We used to know how to relax. We used to build that into our society. Somewhere along the line, though, downtime became a dirty word, an obscenity. After a lifetime of work, folks who retire to live on a pension or social security are derided as moochers even when they've earned that time off.
There may be a lesson to be learned here. And it took a global pandemic with all the attendant sickness, misery and death to shove it in our faces.
yonder
(9,663 posts)It IS way past time for bigger, faster and louder to be throttled back.
Duppers
(28,118 posts)Last edited Tue Mar 17, 2020, 02:09 AM - Edit history (1)
Only by the younger generations, then only the dumbassed RWer ones who somehow feel we are taking something from them.

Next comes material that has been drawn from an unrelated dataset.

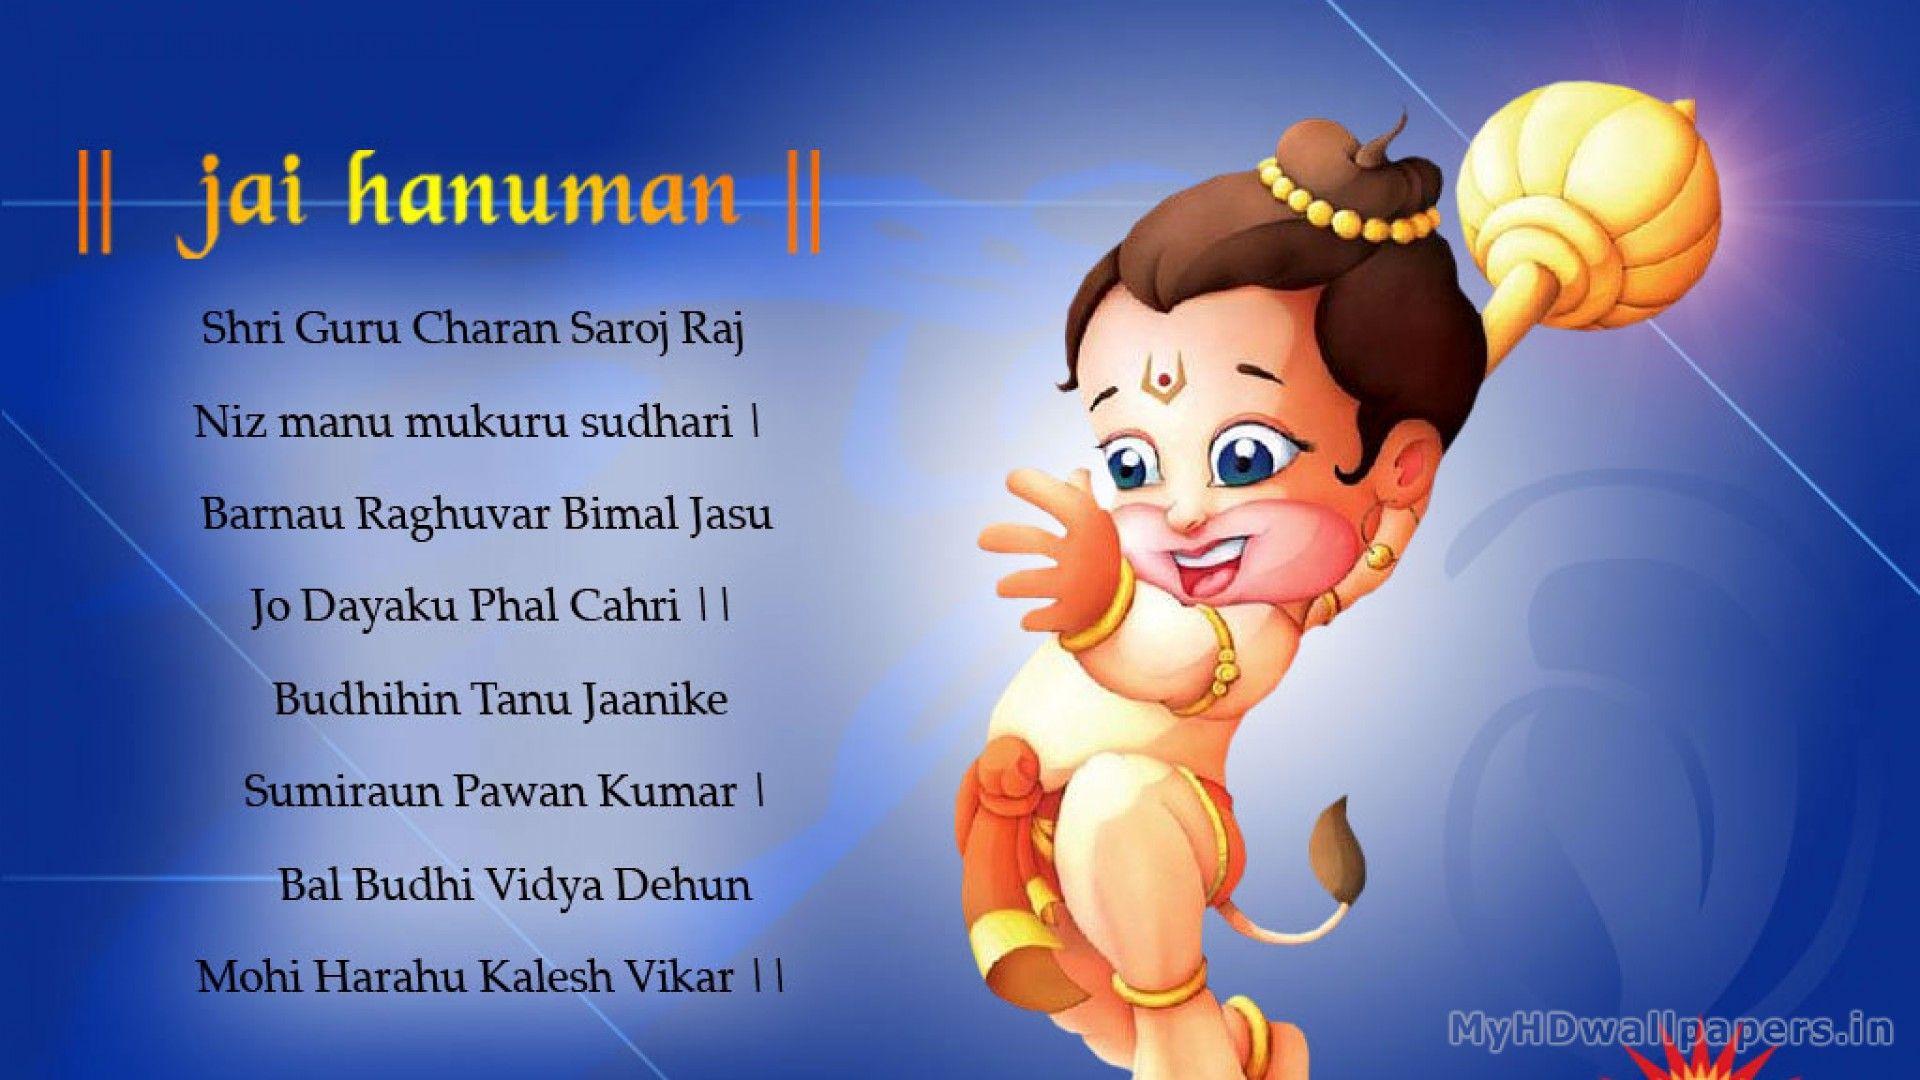 Pin By Hd Wallpapers On Hd Wallpapers Pinterest Hanuman

The main thing the older generation bears horrible guilt for is not taking better care of our planet.
Ron Green
(9,822 posts)Simple living, community wealth building and a steady-state economy: Id sacrifice my own life to bring that to the world.
Duppers
(28,118 posts)Sorry, I think it's simply too unrealistic; the world is just too complicated.
Besides, most of us aren't rich enough to have "jet-setting" habits. If we have extra money, we save it for rainy days or to improve our housing. Young millennials do not seem to have such values, perhaps because they are less optimistic about the future and therefore live more in and for the moment. The ones I know don't even care about buying homes! (Perhaps I'm just jealous, but I disapprove.)
Guess I'm just an old curmudgeon/ skeptic.
Does Edelkoort not have any loved ones he fears losing?
The only silver lining I see in this most horrible plague is the fact it will rid us of the disgusting, self-serving narcissist soiling our WH and plundering our nation's values.
Response to Bayard (Original post)
Duppers This message was self-deleted by its author.